= Beginning of Section =
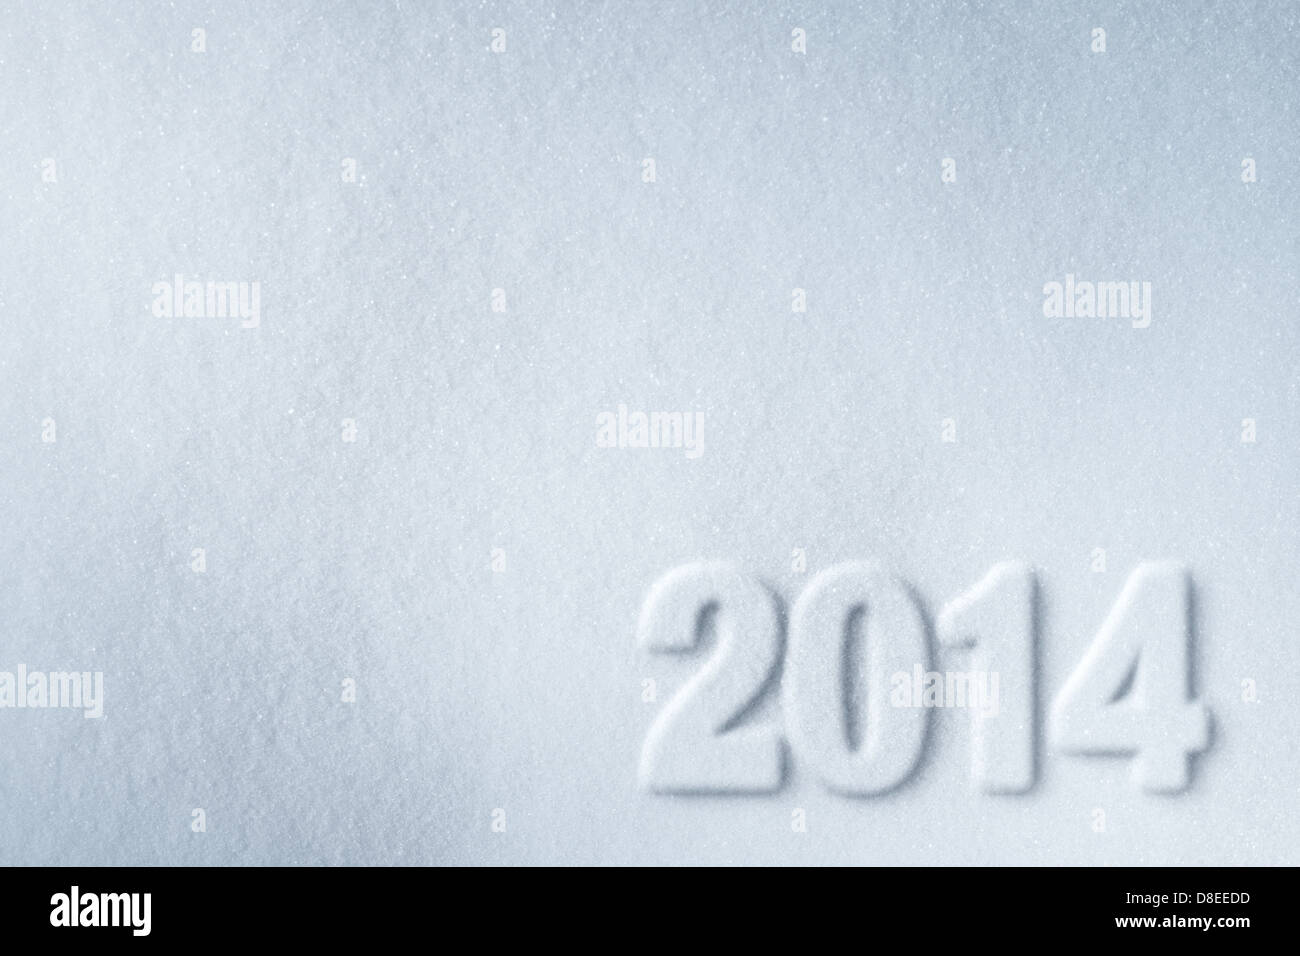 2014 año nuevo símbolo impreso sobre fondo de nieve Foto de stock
= End of Section =
= Beginning of Section =
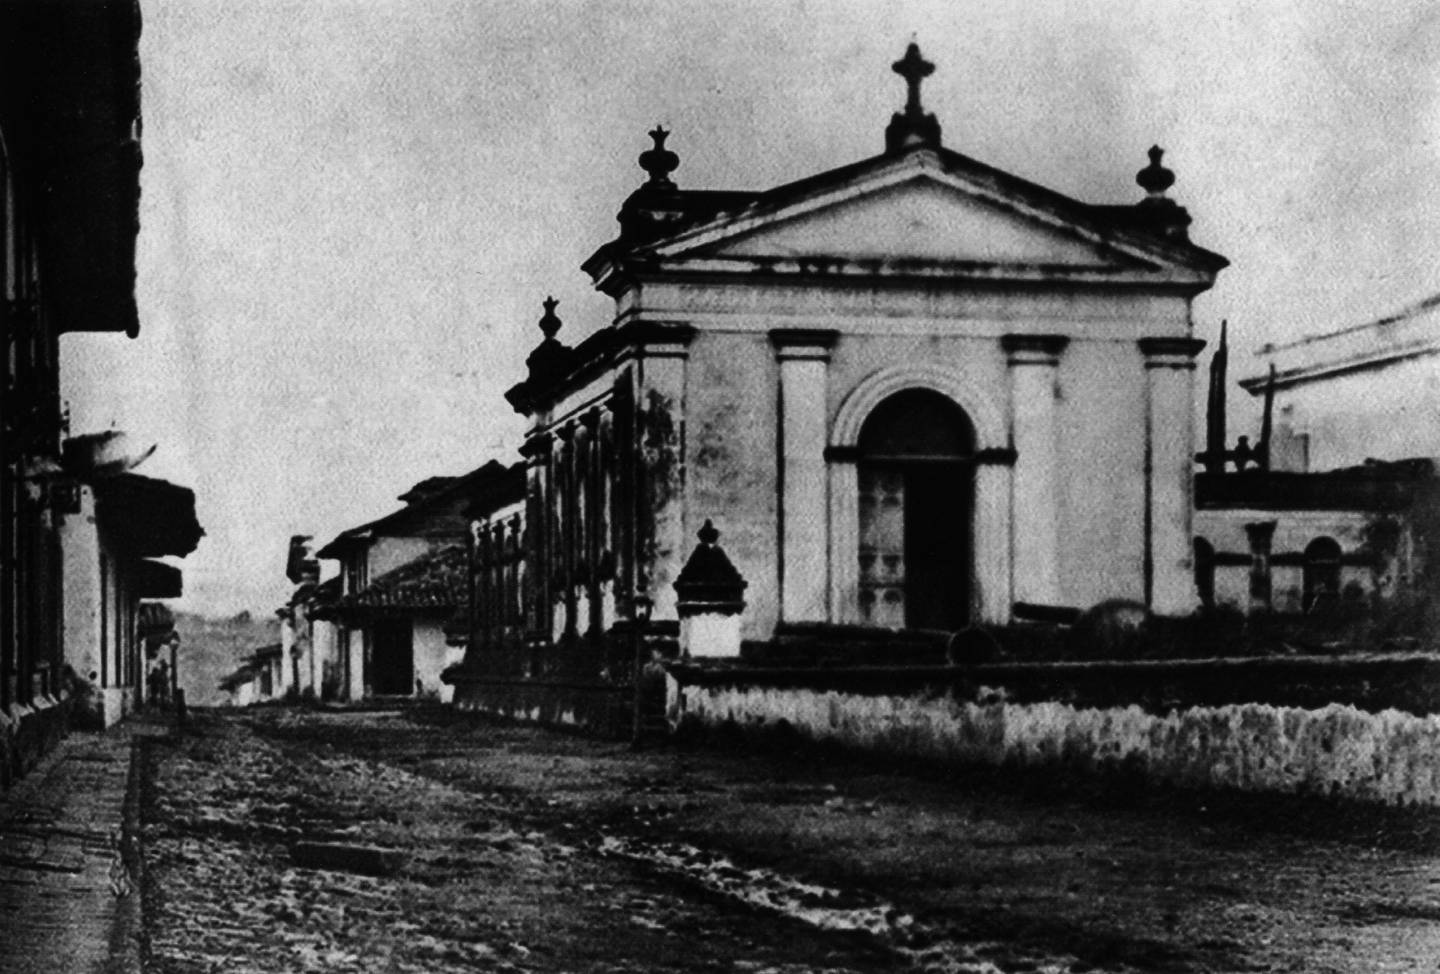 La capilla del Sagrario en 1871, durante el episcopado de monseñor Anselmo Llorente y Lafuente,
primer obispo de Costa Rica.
= End of Section =
■ The task
Look back over the records above. Reproduce exactly everything from the line with "La capilla del" down to the line with "primer obispo de Costa Rica.", inclusive, and leave the pictures out.

■ Solution to this task
 La capilla del Sagrario en 1871, durante el episcopado de monseñor Anselmo Llorente y Lafuente,
primer obispo de Costa Rica.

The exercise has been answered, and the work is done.